在这个意义上,RM 并不是评估系统的附属模块,而是 consumer-scale online evaluation 成为"平台"的最后一块拼图:它让评估不再停留在选择层,而真正进入模型演化的动力层。

需要说明的是,这套闭环并不是从理论推导开始的。它是在 Emochi 的真实用户环境中,伴随模型规模、流量和产品复杂度的增长逐步成型的。在长期运行中,我们反复观察到:当评估决策真正交还给用户行为时,离线分数与核心业务指标之间的相关性会自然退居次要位置。

Trade-offs and Failure Modes

这套 scalable online feedback loop 并不是为了解决所有评估问题而设计的。它的目标非常具体,也因此做出了清晰的取舍。
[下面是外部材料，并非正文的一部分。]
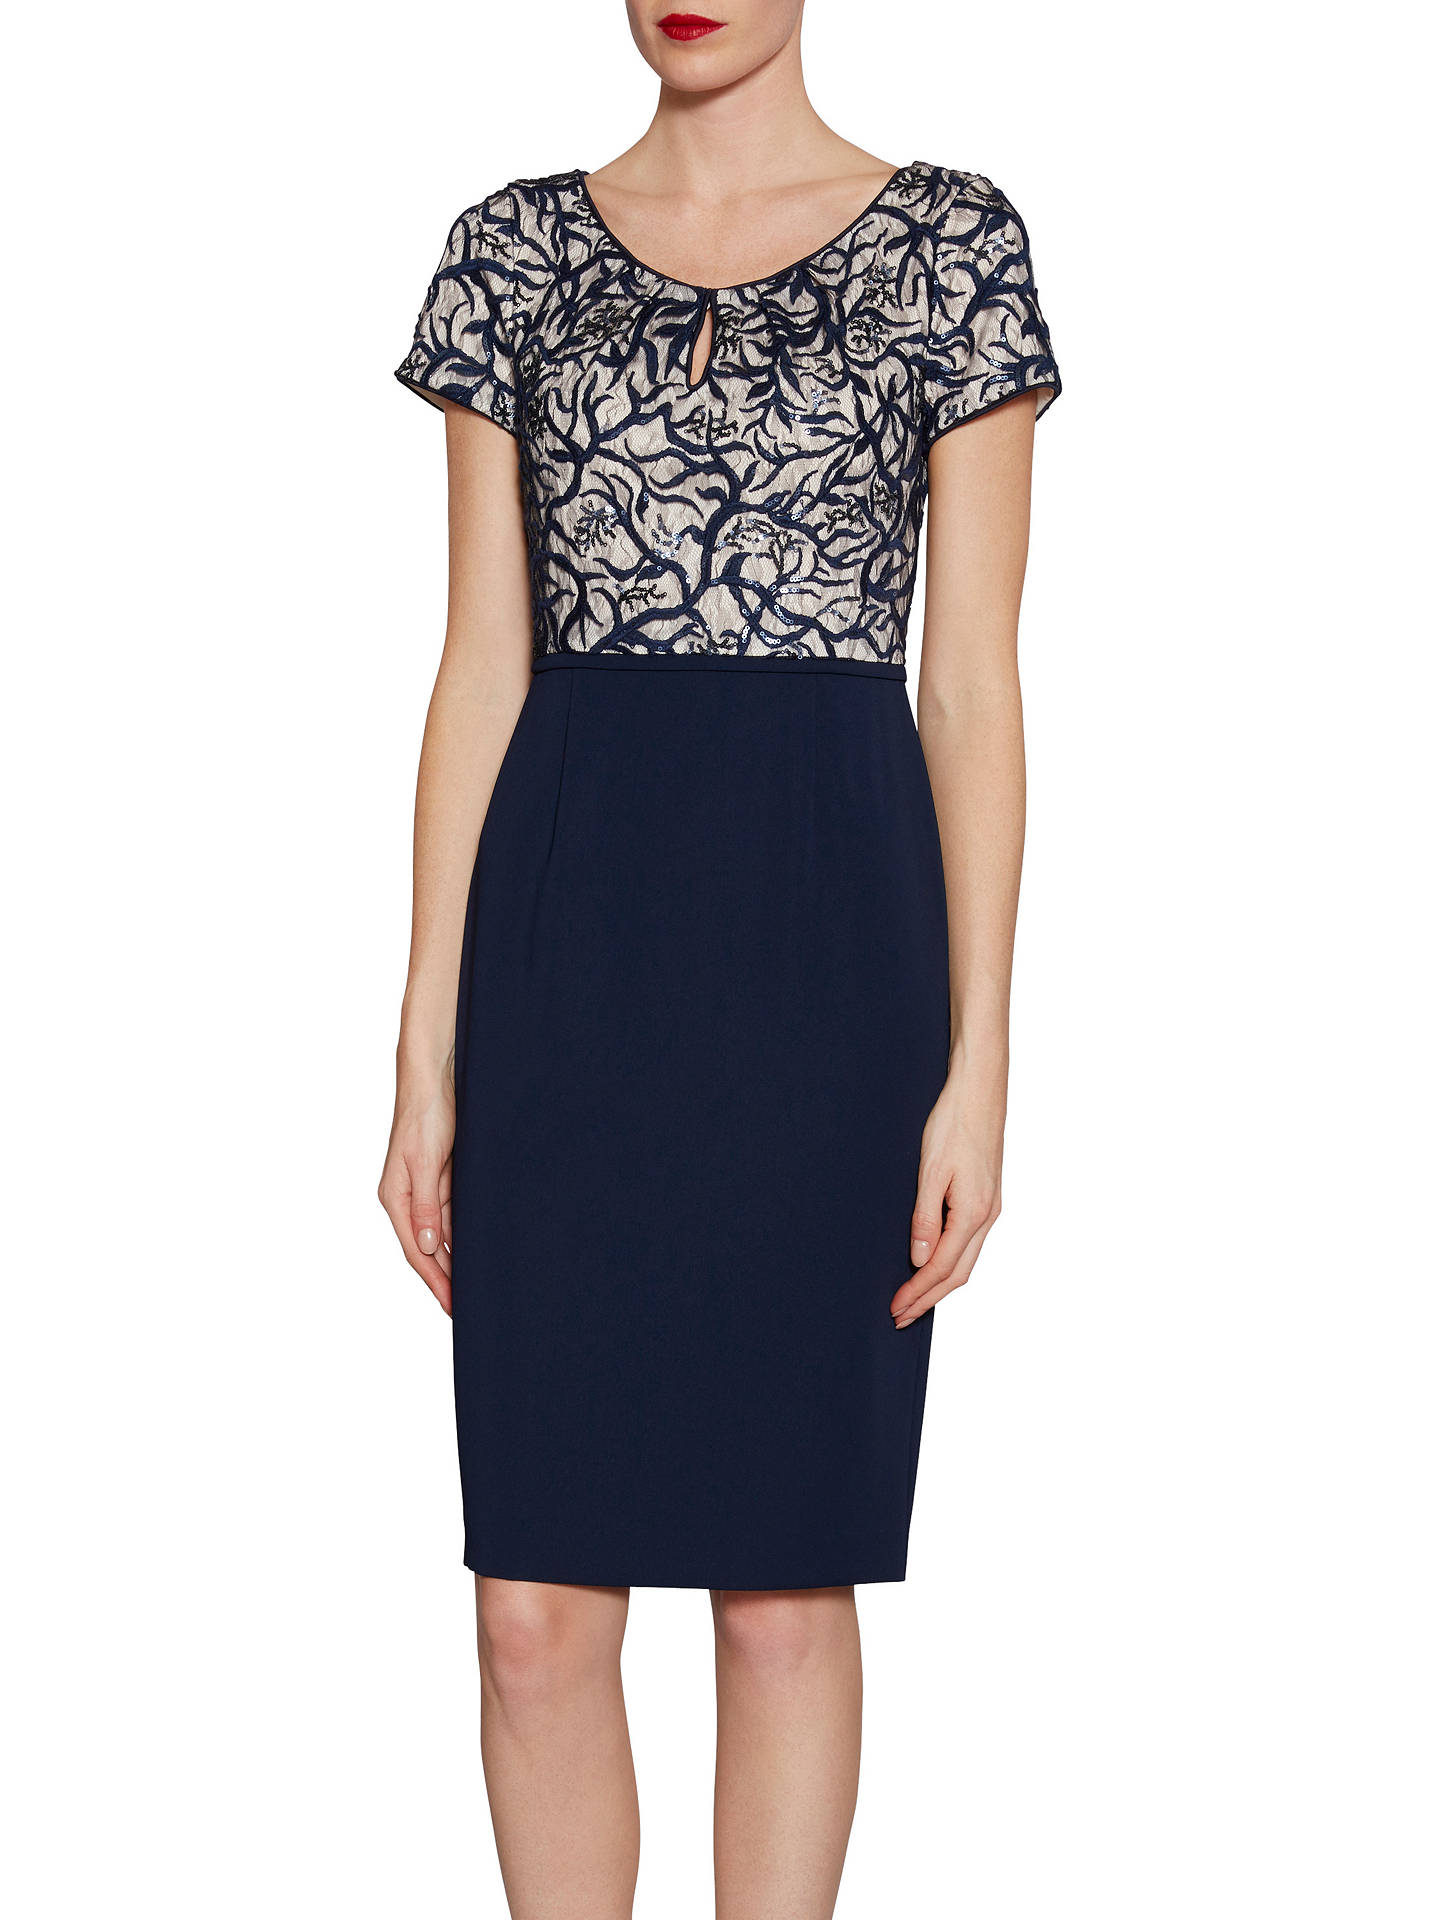 Gina Bacconi Embroidered Sequin Bodice Dress, Spring Navy at John Lewis

首先,这套基础设施并不适用于所有阶段的产品。当产品规模尚小(例如 DAU < 50k)时,用户行为信号过于稀疏且噪声较大,难以支撑稳定的在线排序与决策。在这种情况下,human evaluation 或 offline 分析仍然可能是更高效的路径。但一旦产品跨过这一规模阈值,继续依赖 offline evaluation 就不再是"稳妥选择",而是一种滞后的系统设计。在真实用户环境中运行的 AI 系统,如果评估信号不来自真实用户行为,最终一定会与产品目标发生系统性偏移。
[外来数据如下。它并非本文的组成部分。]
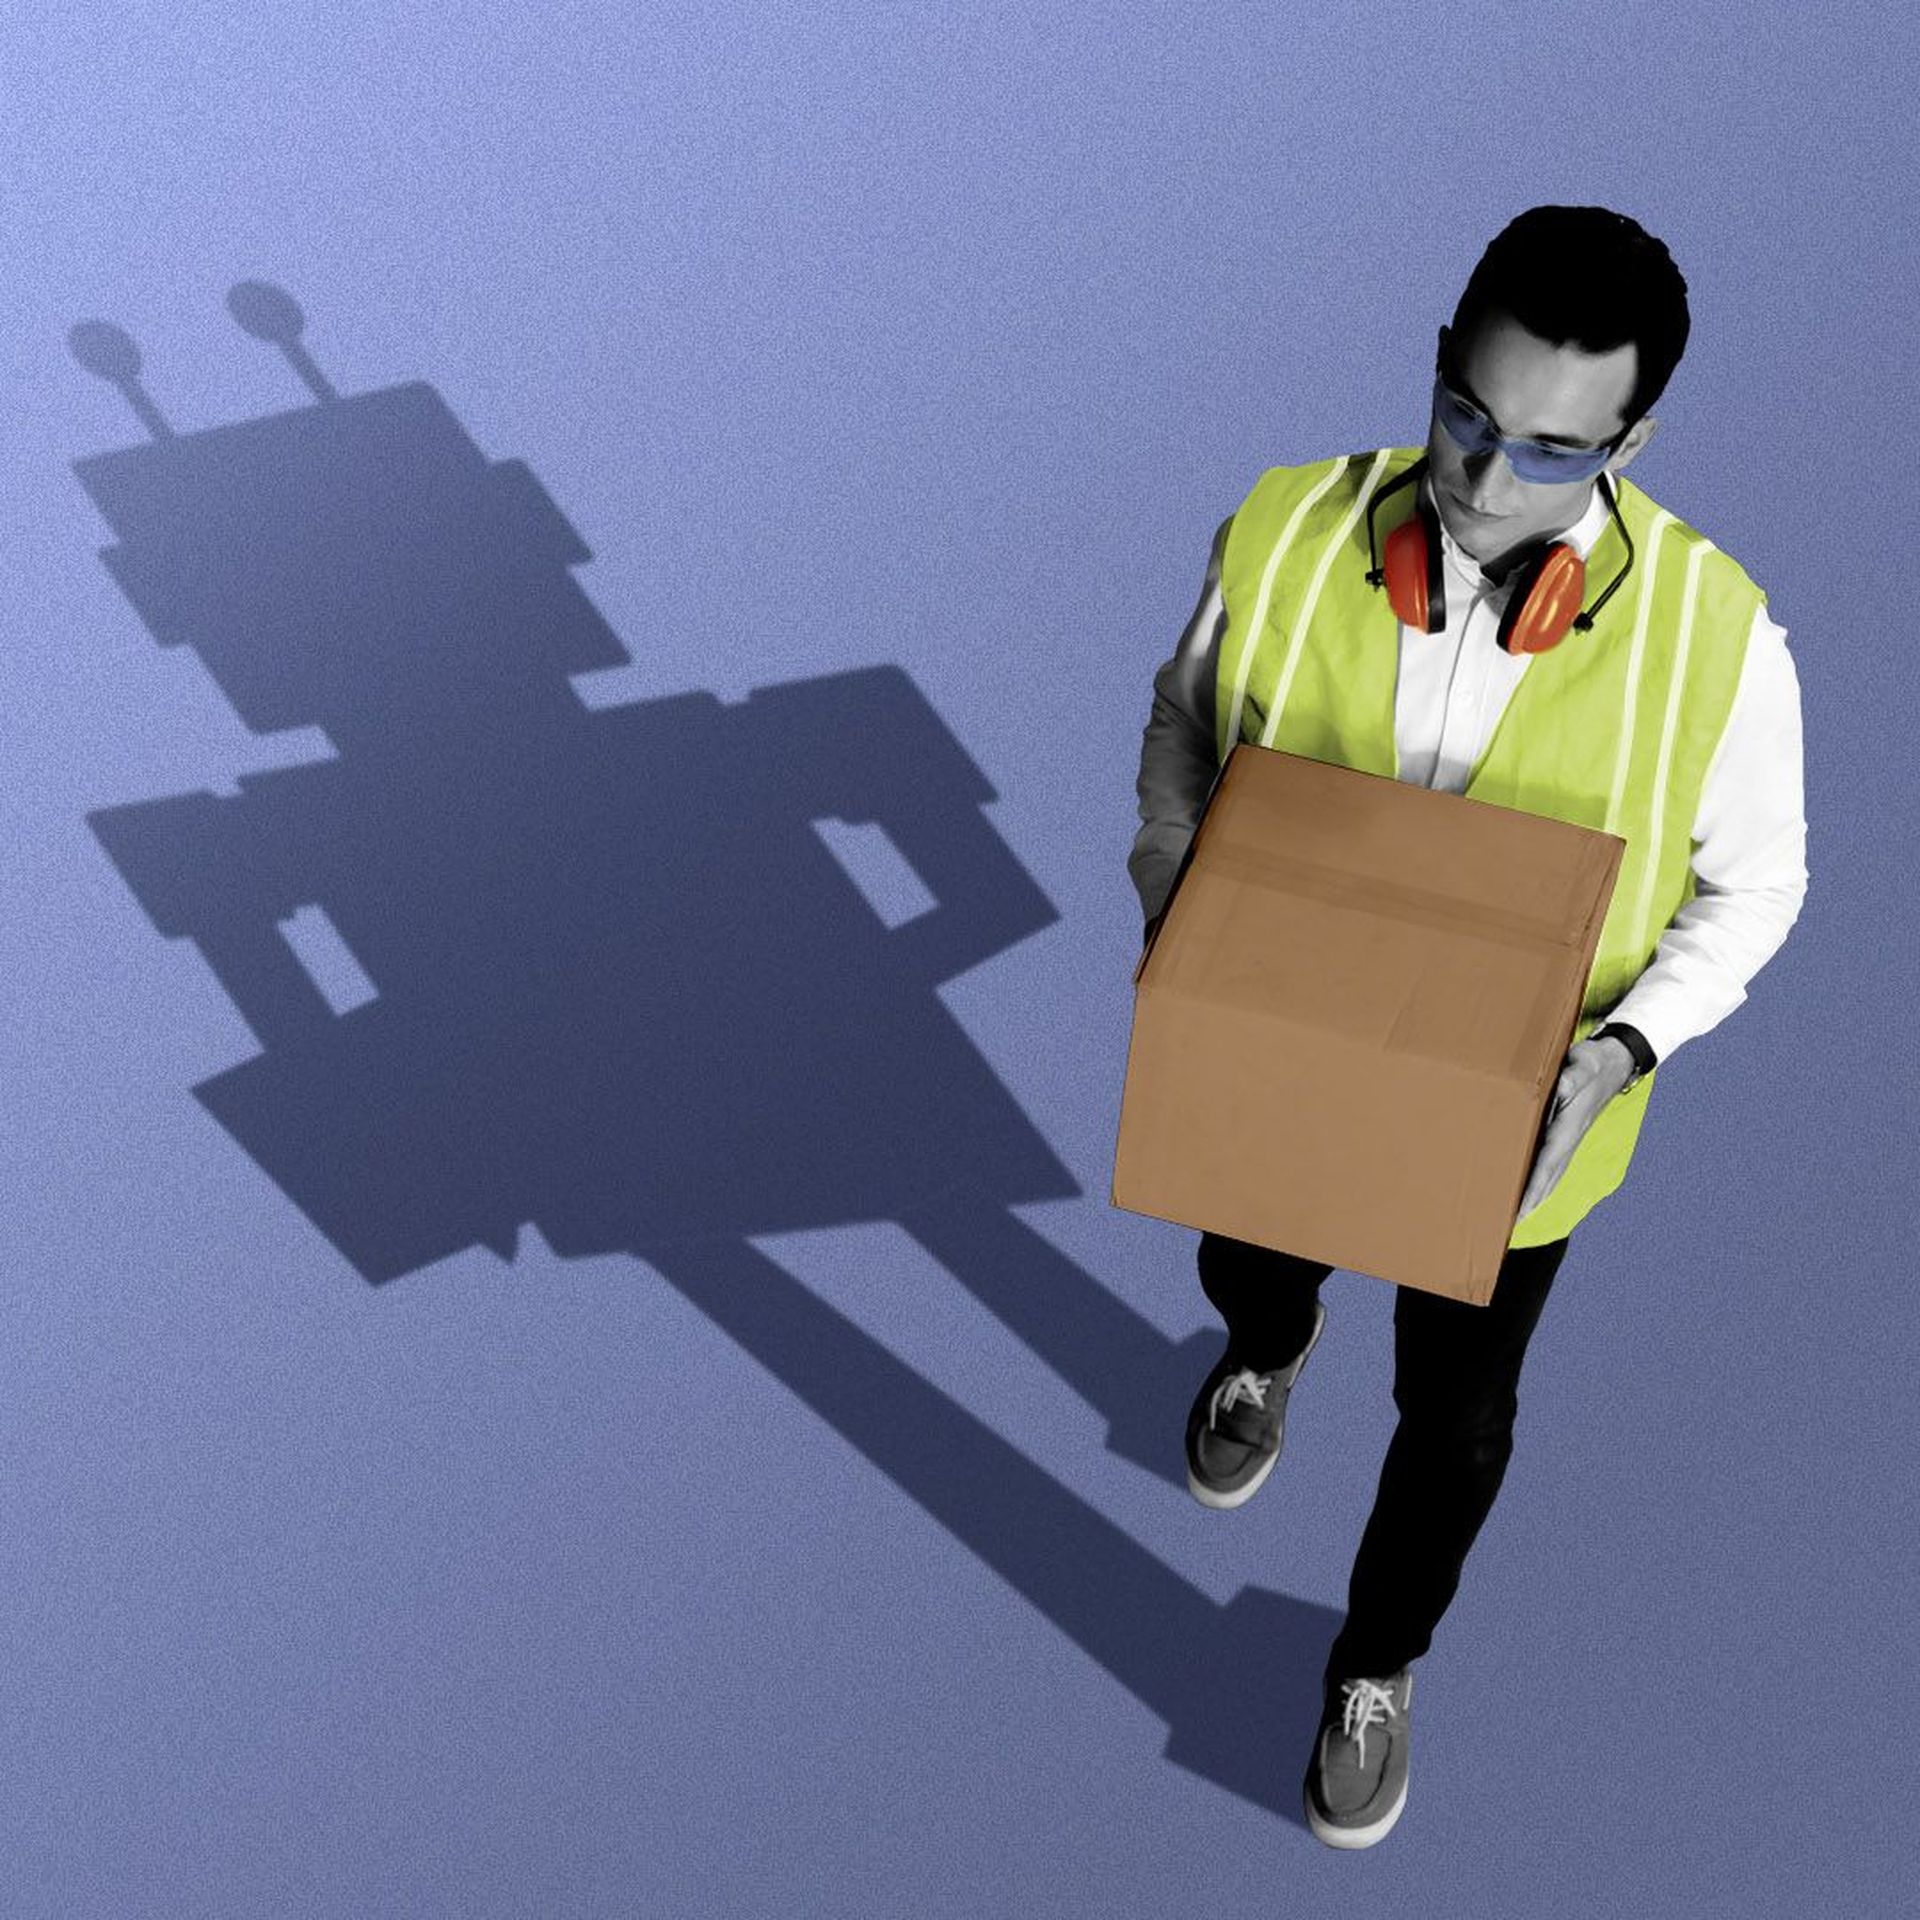 Illustration of a warehouse worker casting a shadow of a robot

其次,这不是一套用于回答"模型在绝对意义上有多好"的评估体系。系统并不试图给出跨时间、跨场景、可复现的绝对分数,也不追求与传统 benchmark 的一一对齐。它关心的唯一问题,是在当前用户、当前分布、当前产品形态下,哪些模型更值得被继续放量和演化

再次,这套系统并不假设用户反馈是干净、稳定或可解释的。相反,它从一开始就接受现实约束:用户行为是有噪声的,偏好是会漂移的,产品形态本身也在持续变化。系统设计的目标不是消除这些不确定性,而是在不确定性不可避免的前提下,持续降低决策风险。

最后,这不是一个"一次性评估"的解决方案。它无法在模型尚未进入真实使用场景之前给出确定结论,也无法替代研究阶段的离线分析。它存在的前提,是模型已经被部署、已经被真实用户使用,并且评估本身需要成为产品和训练流程的一部分。
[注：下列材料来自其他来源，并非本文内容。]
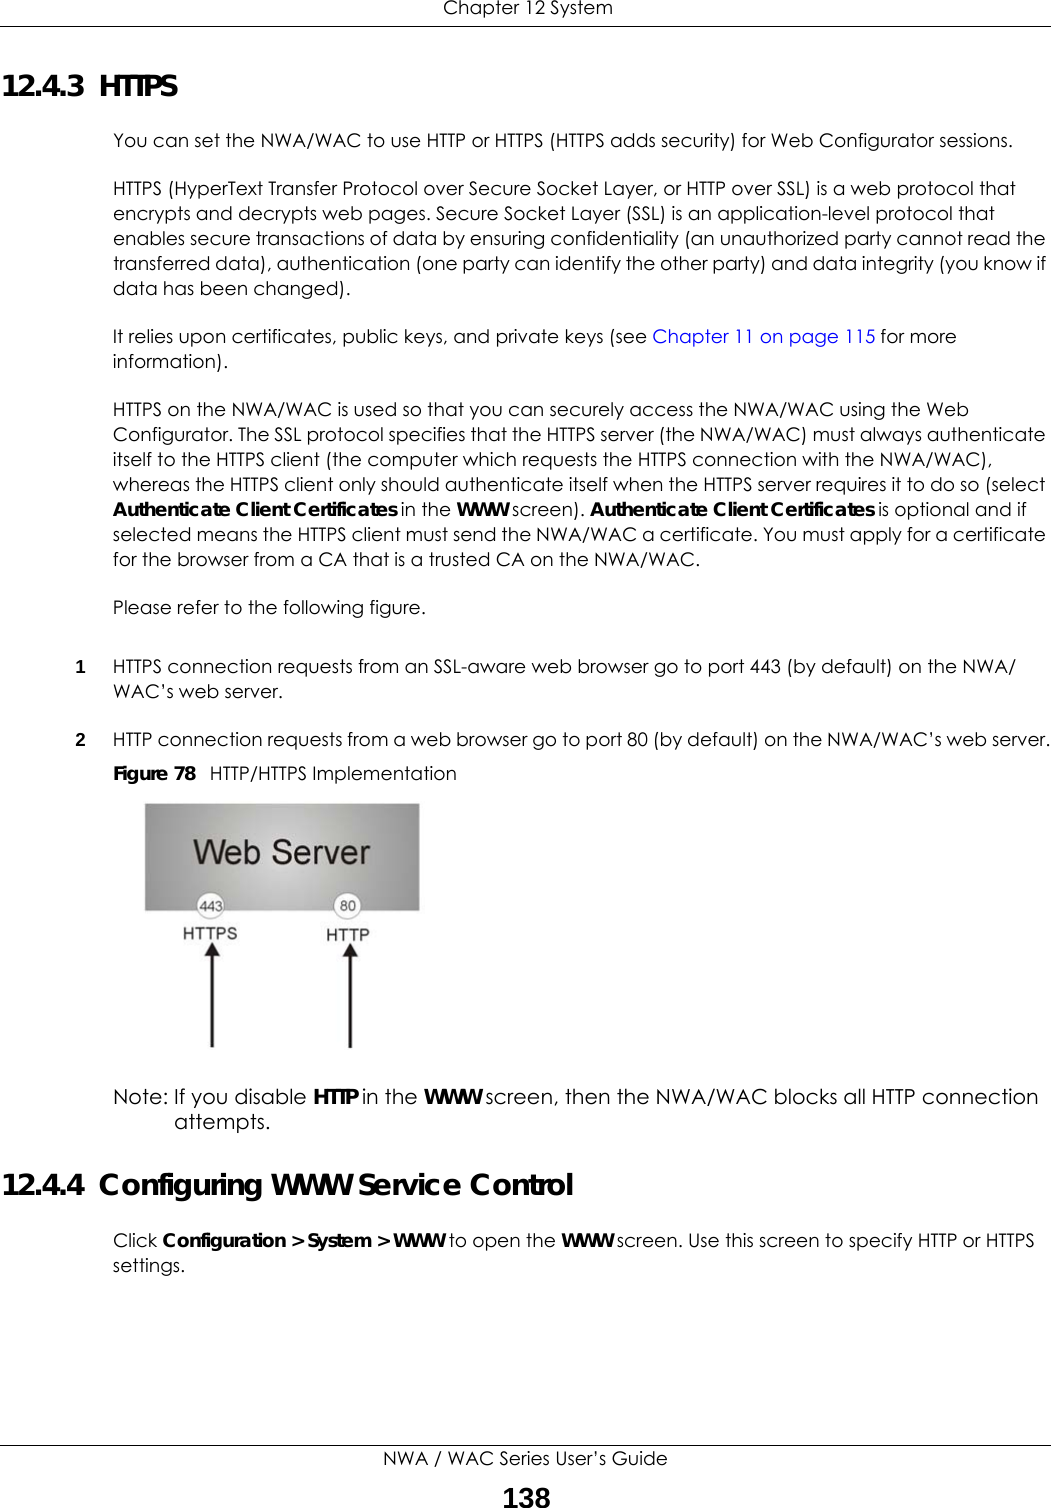  Chapter 12 SystemNWA / WAC Series User’s Guide13812.4.3  HTTPSYou can set the NWA/WAC to use HTTP or HTTPS (HTTPS adds security) for Web Configurator sessions. HTTPS (HyperText Transfer Protocol over Secure Socket Layer, or HTTP over SSL) is a web protocol that encrypts and decrypts web pages. Secure Socket Layer (SSL) is an application-level protocol that enables secure transactions of data by ensuring confidentiality (an unauthorized party cannot read the transferred data), authentication (one party can identify the other party) and data integrity (you know if data has been changed). It relies upon certificates, public keys, and private keys (see Chapter 11 on page 115 for more information).HTTPS on the NWA/WAC is used so that you can securely access the NWA/WAC using the Web Configurator. The SSL protocol specifies that the HTTPS server (the NWA/WAC) must always authenticate itself to the HTTPS client (the computer which requests the HTTPS connection with the NWA/WAC), whereas the HTTPS client only should authenticate itself when the HTTPS server requires it to do so (select Authenticate Client Certificates in the WWW screen). Authenticate Client Certificates is optional and if selected means the HTTPS client must send the NWA/WAC a certificate. You must apply for a certificate for the browser from a CA that is a trusted CA on the NWA/WAC.Please refer to the following figure.1HTTPS connection requests from an SSL-aware web browser go to port 443 (by default) on the NWA/WAC’s web server.2HTTP connection requests from a web browser go to port 80 (by default) on the NWA/WAC’s web server.Figure 78   HTTP/HTTPS ImplementationNote: If you disable HTTP in the WWW screen, then the NWA/WAC blocks all HTTP connection attempts.12.4.4  Configuring WWW Service ControlClick Configuration &gt; System &gt; WWW to open the WWW screen. Use this screen to specify HTTP or HTTPS settings.

正因为这些边界的存在,这套系统才能在 Consumer AI 的真实规模下长期运行。它放弃了对"静态真理"的追求,换取了对"持续决策"的可靠支持;放弃了对完美评估的幻想,换取了一个可以不断自我修正的生产级平台。

这正是我们所构建的:

不是一个评估工具,而是一条能够伴随模型与产品共同演化的反馈基础设施。